# cmg e outros SMS e quejandos



## GamblingCamel

As melhores coisas que aconteceram* cmg* em 2010
Eu queria saber pork elaa faz isso *cmg *? me ajudem ?
casa *cmg*? Adotei o celibato como modo de vida. Hehe.

This seems like an easy one. It's obviously short for something very common.
What does it mean?


----------



## Vanda

Simply sms for comigo.


----------



## englishmania

Também usamos em Portugal. 
cmg
ctg
pq
tb
n
q
mt
ng
td
nd

^ These are easy. Try to guess what they mean, GC.


----------



## GamblingCamel

I don't know MT and NG.


----------



## englishmania

mt: muito
ng: ninguém


----------



## GamblingCamel

englishmania said:


> mt: muito
> ng: ninguém



* Camel buries his head in the sand from embarrassment *


----------



## Fericire

De comum também há:

"hj" (hoje)
"qnd" (quando)
"s" (sim)
"qm" (quem)
"tm" (tem)
"vm" (vem)
"qnt" (quanto)
"fds" / "fimde" (fim-de-semana)
"blz" (beleza = ok)
"sl" (sei lá)
"vmo" (vamos)
"bora" (Embora/Vamos)
"gnt" (gente)
"abs" / "abç" (abraço/abraços)
"vc" (você)

E muito mais.


----------



## Dona Chicória

Há tb, o "porfa" = por favor.


----------



## englishmania

Por cá usa-se _pf_ ou _sff_  - _porfa_ não.

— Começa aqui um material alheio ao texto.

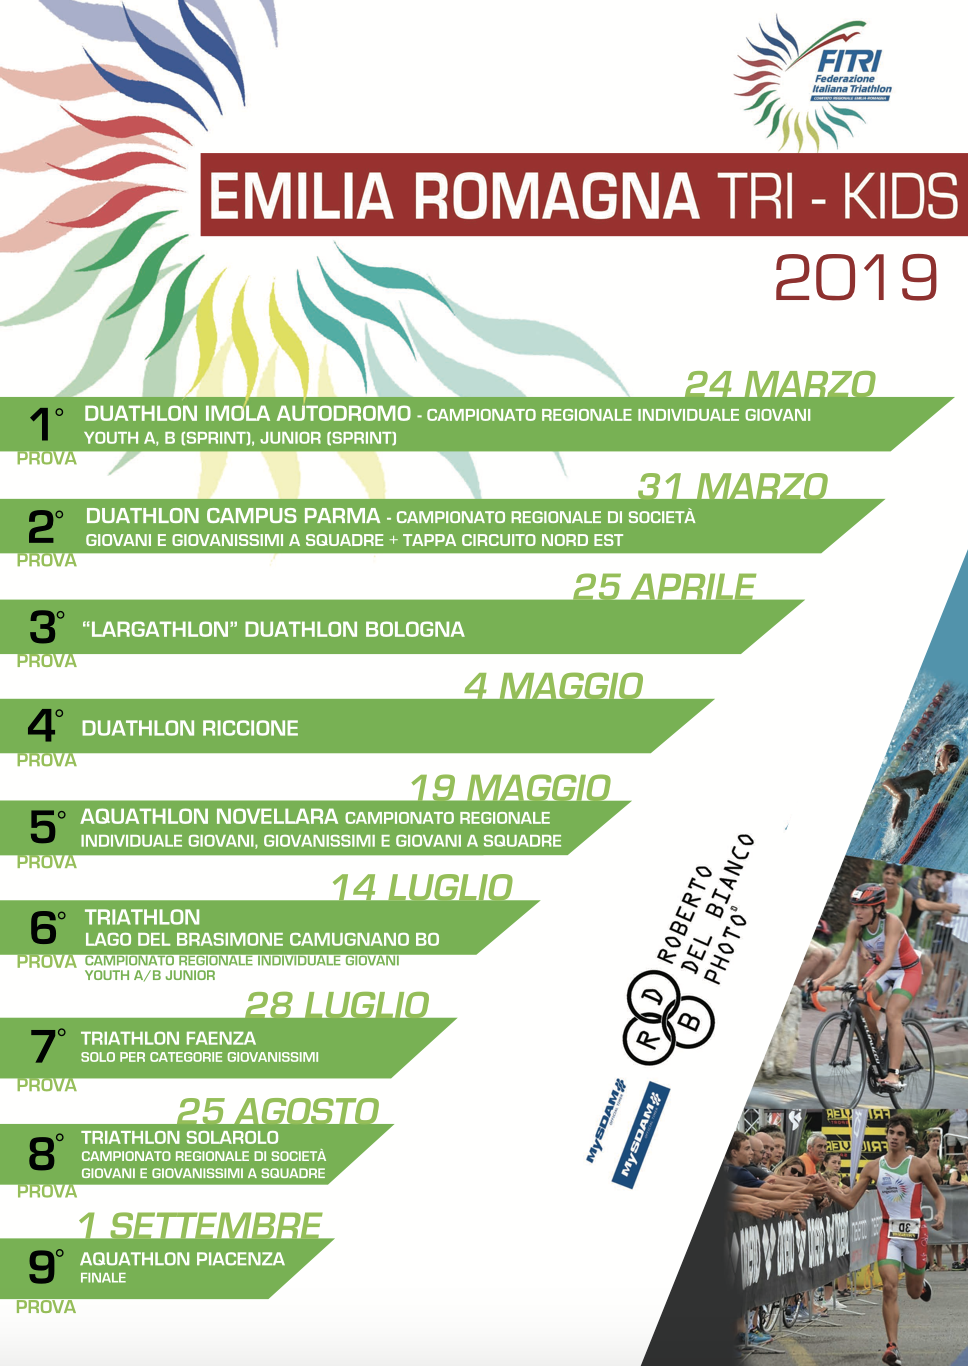 images/emiliaromagna/Foto_Comitato_EmiliaRomagna_2019/medium/Locandina_Circuito_Emilia_Romagna_Tri-Kids_2019.png
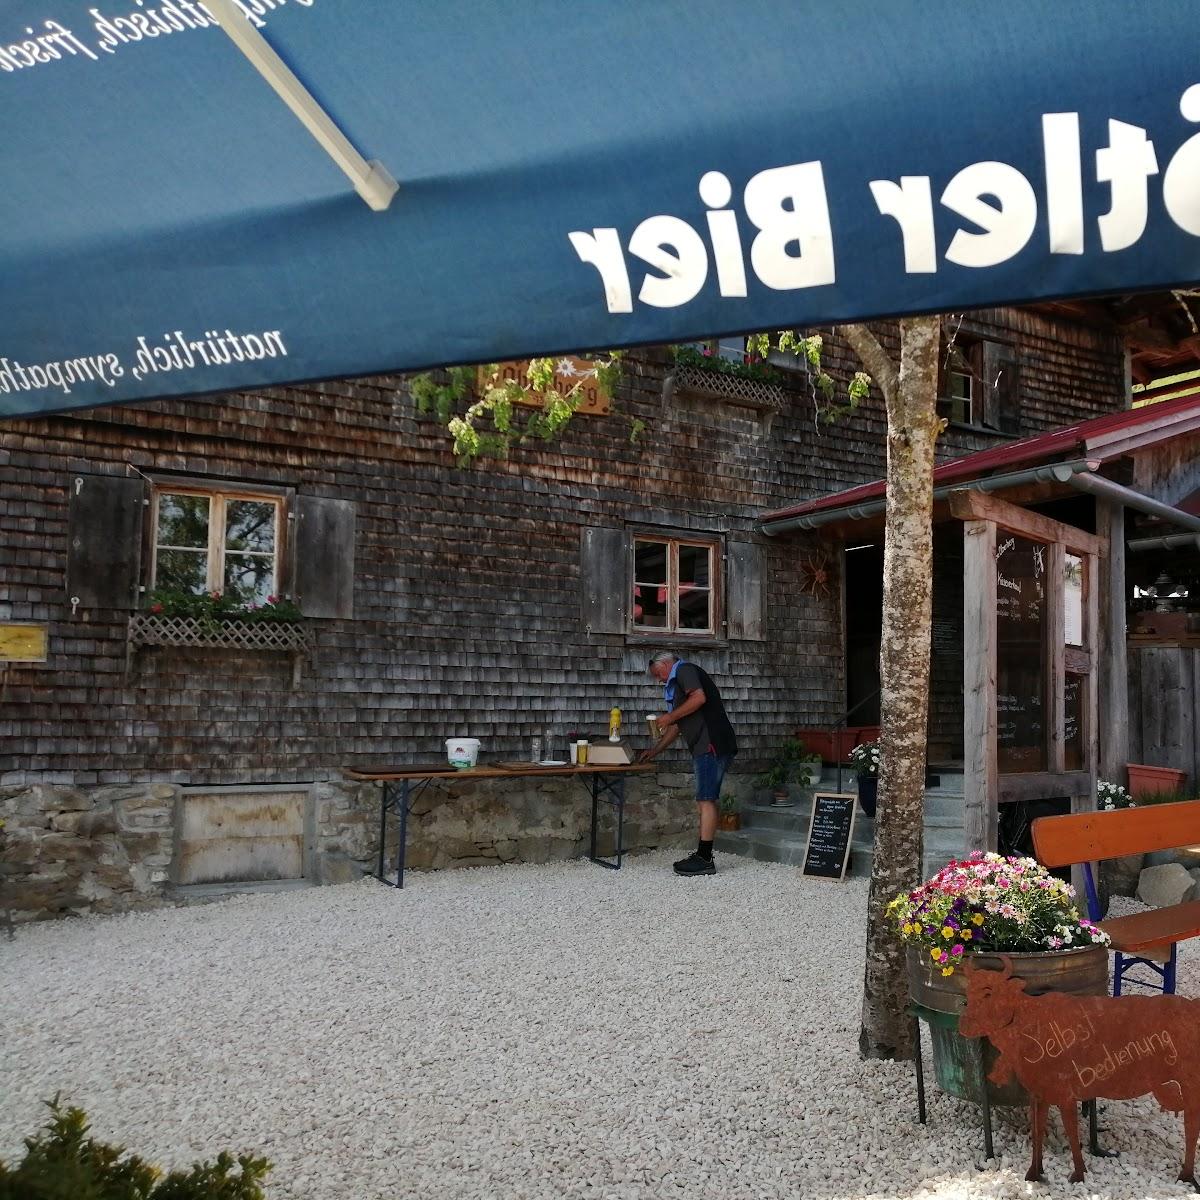 Restaurant "Alpe Oberberg Immenstadt" in Blaichach

Daqueles que o Fericire mencionou, em Portugal usamos (tendo em conta aquilo que me é familiar) _hj_, _qdo/qd_, _s_, _fds_, (_bora_, se o dissermos no dia-a-dia), _vc_ (se estivermos a falar com um brasileiro, etc) e  _qto/qt_.

Mais: _dp_, _cm_, _qq_, _nc_, ...


----------



## Dona Chicória

Olá:
O porfa é mais recente, creio. 
Achei ótimo, porque aqui, embora se use o pf, existe a sigla PF para Prato Feito, que é um prato de refeição barato, encontrado em restaurantes populares (Tipo arroz, feijão e ovo frito).
E claro, para Polícia Federal também.


----------



## MugenKaosu

Fericire said:


> De comum também há:
> 
> "hj" (hoje)
> "qnd" (quando)
> "s" (sim)
> "qm" (quem)
> "tm" (tem)
> "vm" (vem)
> "qnt" (quanto)
> "fds" / "fimde" (fim-de-semana)
> "blz" (beleza = ok)
> "sl" (sei lá)
> "vmo" (vamos)
> "bora" (Embora/Vamos)
> "gnt" (gente)
> "abs" / "abç" (abraço/abraços)
> "vc" (você)
> 
> E muito mais.


Só um detalhe: "fds", nas conversas que tive online, sempre significou o mesmo que "fods", que significa o mesmo que "foda". A única diferença é que "fds" é um pouco menos vulgar. Parece mais de brincadeira, e é, em geral, usado para designar situações:

"A: Cara, adivinha o que aconteceu? Fui falar com o professor sobre o erro dele, aí ele me disse que eu é que tava errado. Na moral, esse professor é uma mer*a.
B: Putz, mano, aí é fds (ou fods ou foda)"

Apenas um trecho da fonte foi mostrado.